_What you will do:_
Below are the records; extract from them the line containing "Art is the only" to the line containing "- Twyla Tharp", both lines included, exactly and with no pictures.

_Records for the exercise:_
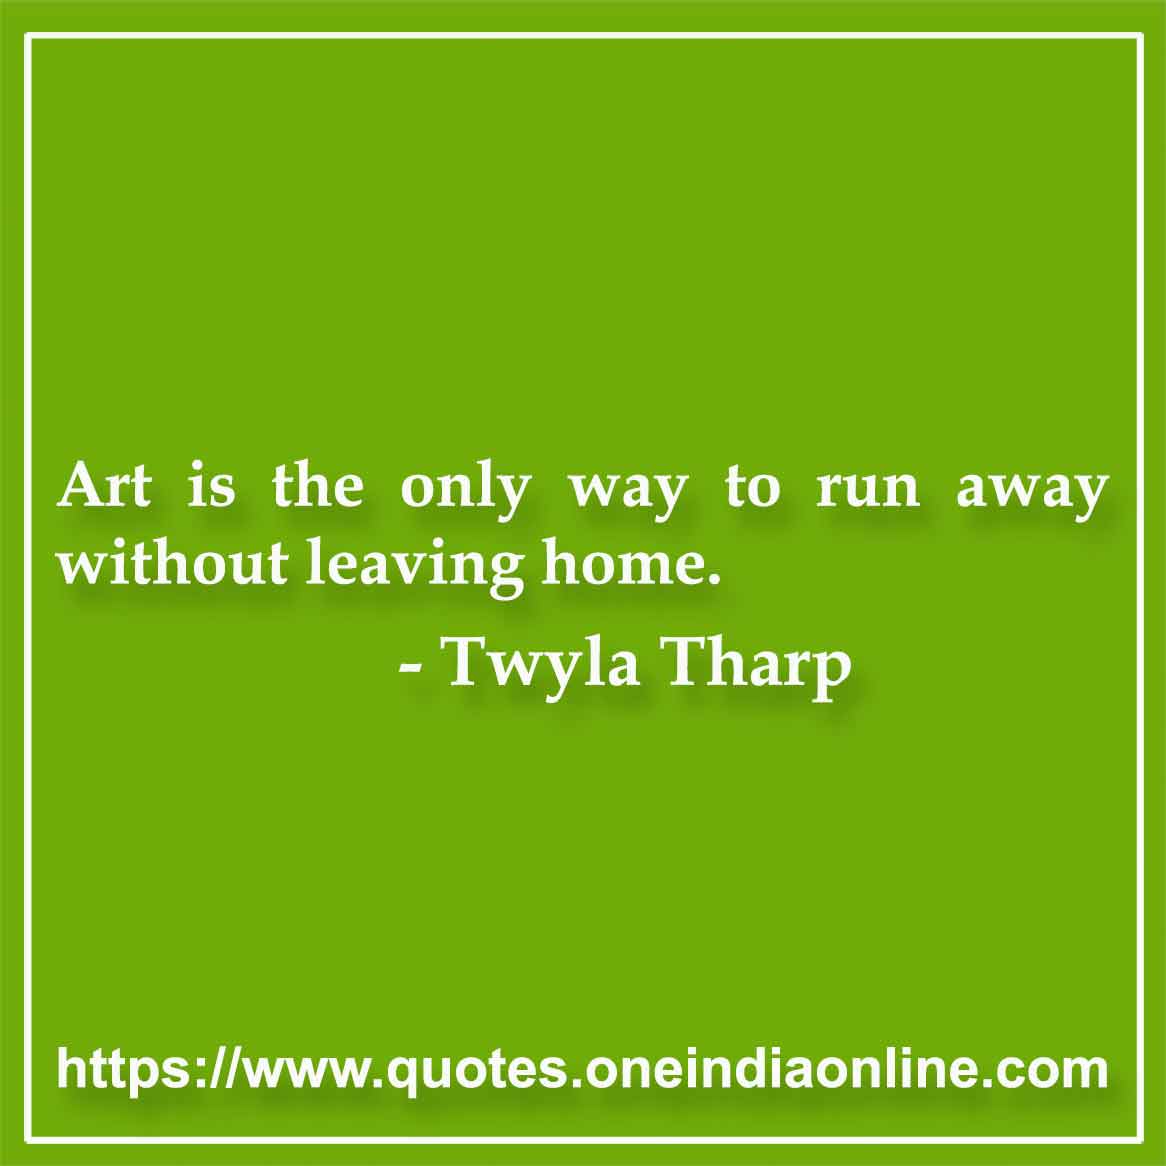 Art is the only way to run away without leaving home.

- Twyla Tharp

--

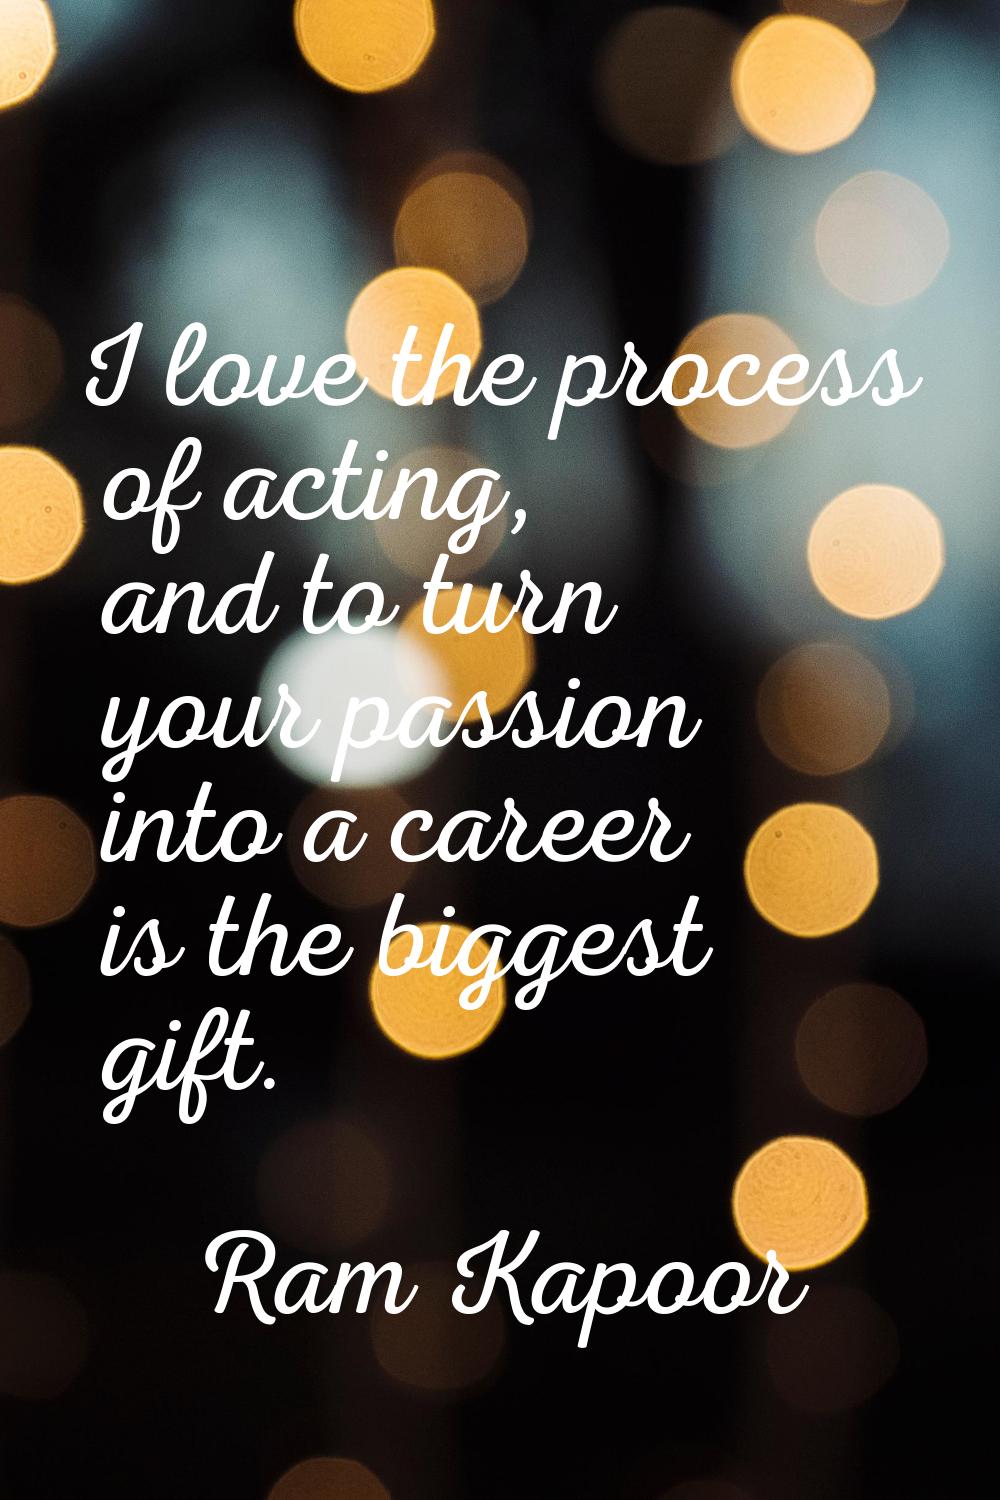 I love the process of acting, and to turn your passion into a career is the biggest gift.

_Task solution:_
 Art is the only way to run away without leaving home.

- Twyla Tharp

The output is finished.